═══ Data excerpt

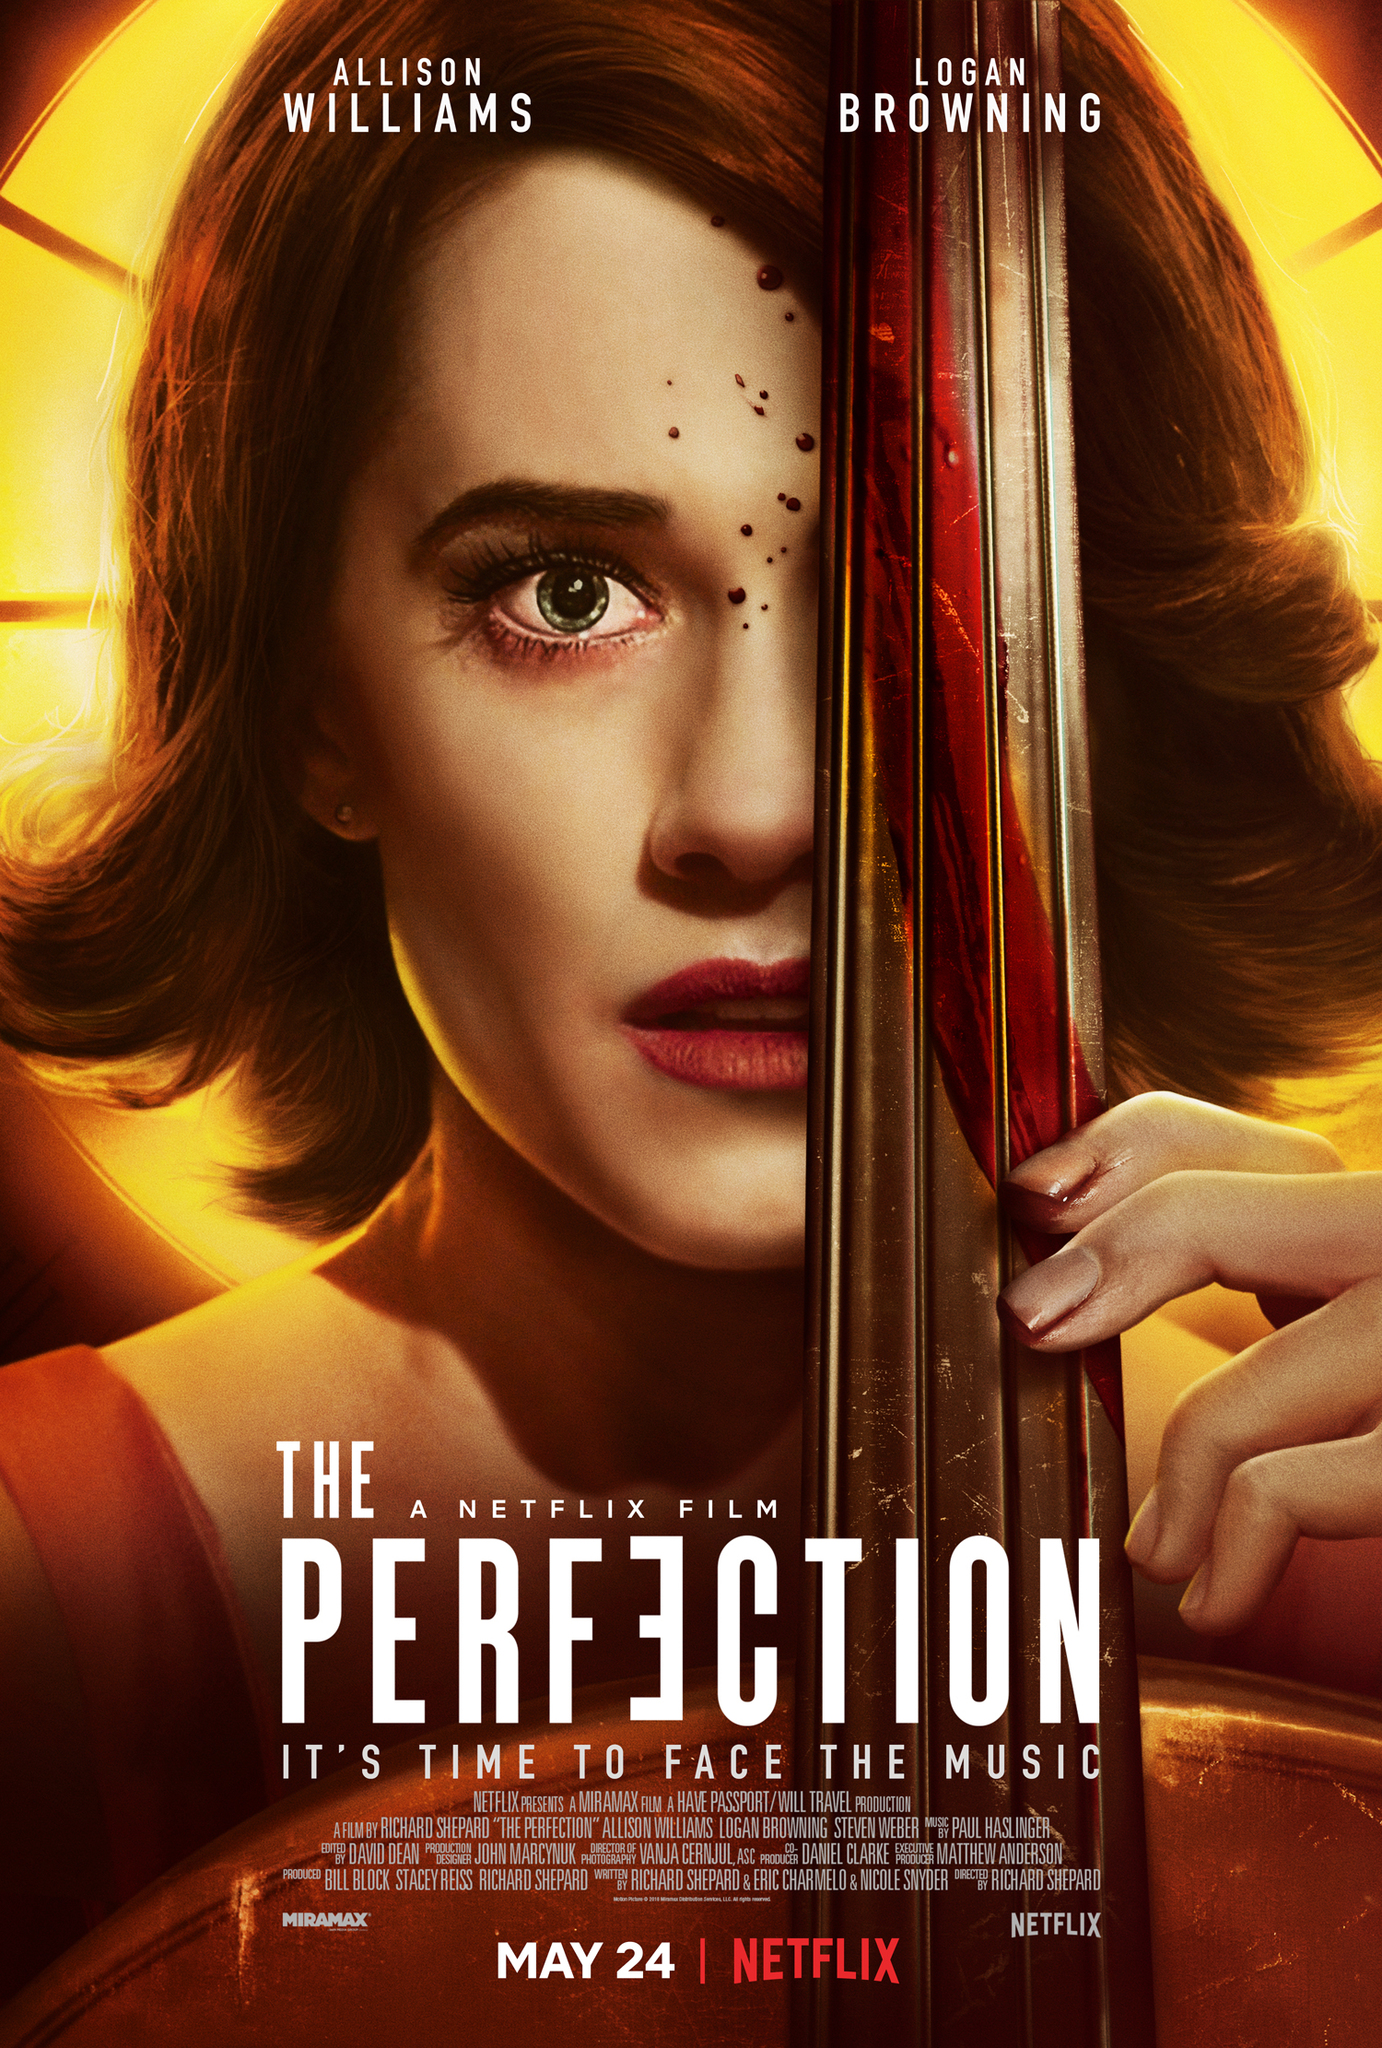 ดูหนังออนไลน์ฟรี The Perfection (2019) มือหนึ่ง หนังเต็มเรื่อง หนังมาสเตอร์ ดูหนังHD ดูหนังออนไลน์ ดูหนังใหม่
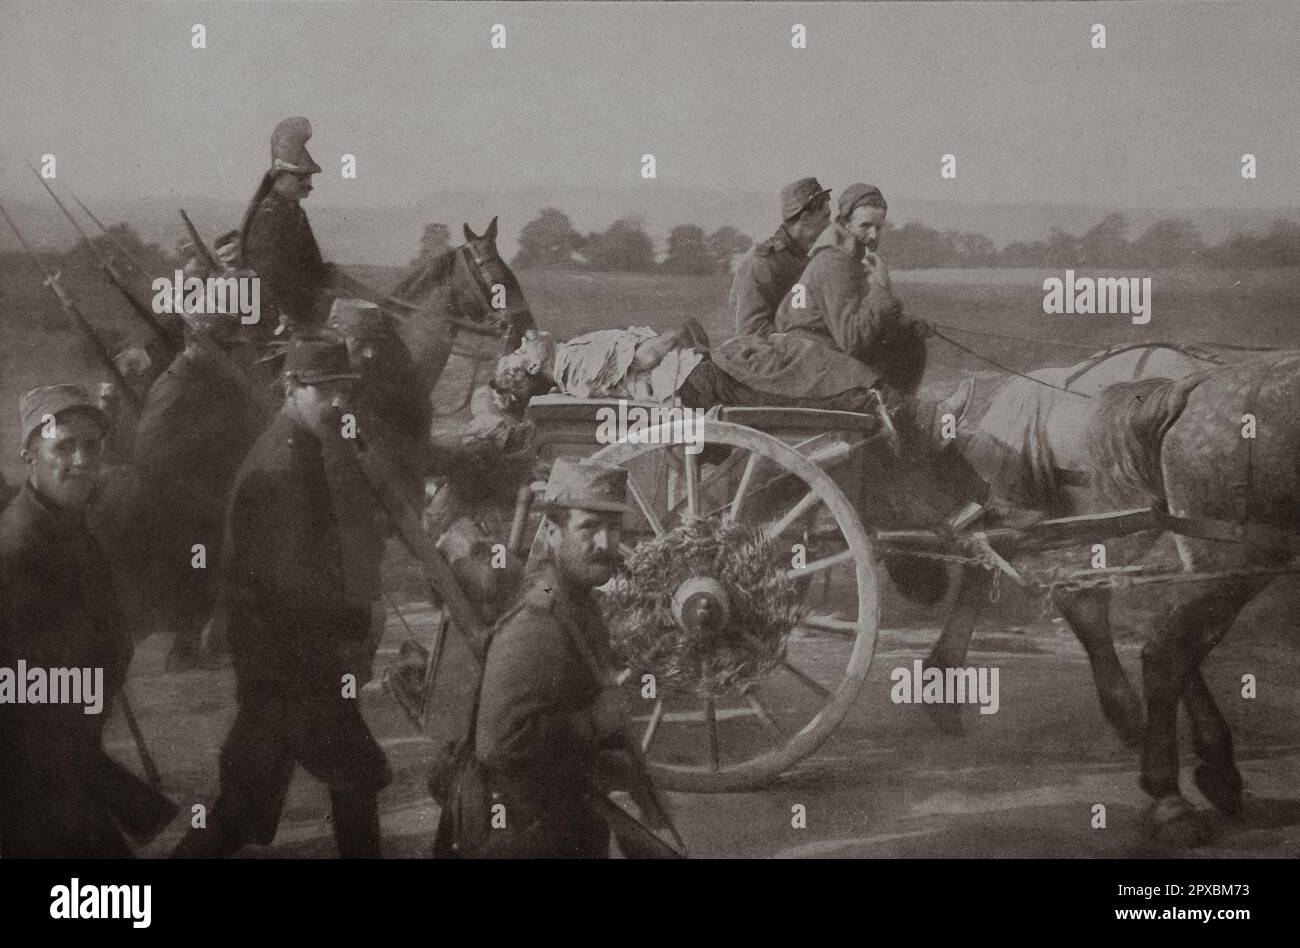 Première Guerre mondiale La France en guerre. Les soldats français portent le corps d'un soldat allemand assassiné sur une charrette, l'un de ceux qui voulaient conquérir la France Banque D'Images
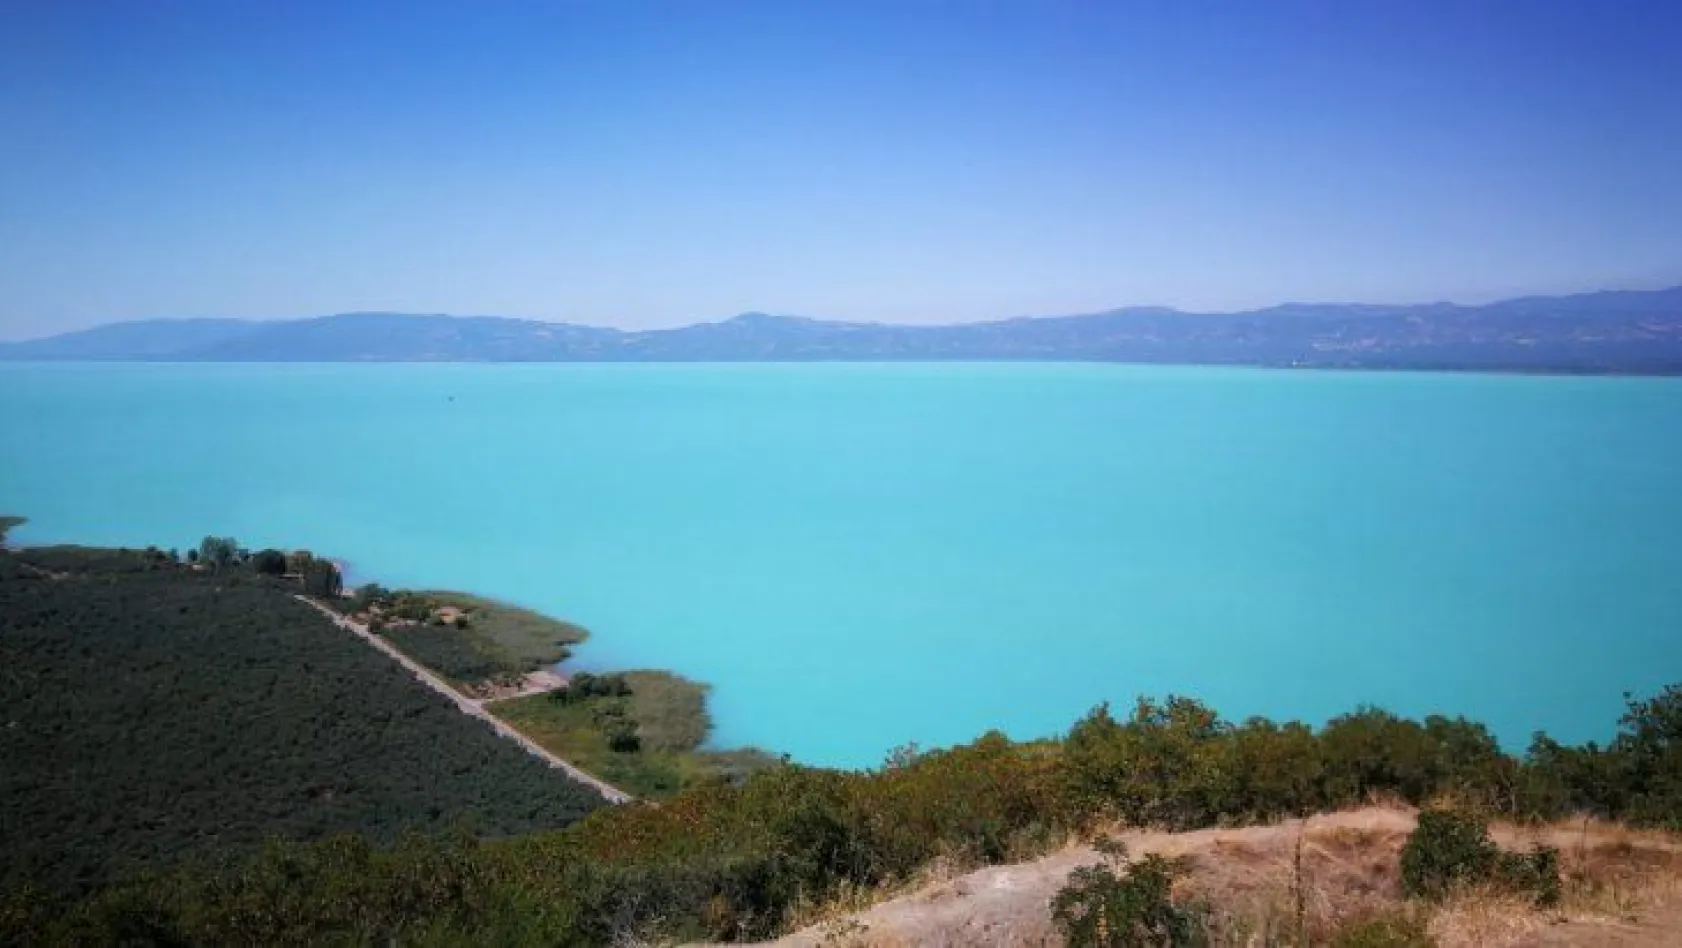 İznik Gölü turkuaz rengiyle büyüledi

══════

(Directions for this task): Please produce an exact copy of all the material, leaving out the pictures.

(Task result):
 ดูหนังออนไลน์ฟรี The Perfection (2019) มือหนึ่ง หนังเต็มเรื่อง หนังมาสเตอร์ ดูหนังHD ดูหนังออนไลน์ ดูหนังใหม่
 Première Guerre mondiale La France en guerre. Les soldats français portent le corps d'un soldat allemand assassiné sur une charrette, l'un de ceux qui voulaient conquérir la France Banque D'Images
 İznik Gölü turkuaz rengiyle büyüledi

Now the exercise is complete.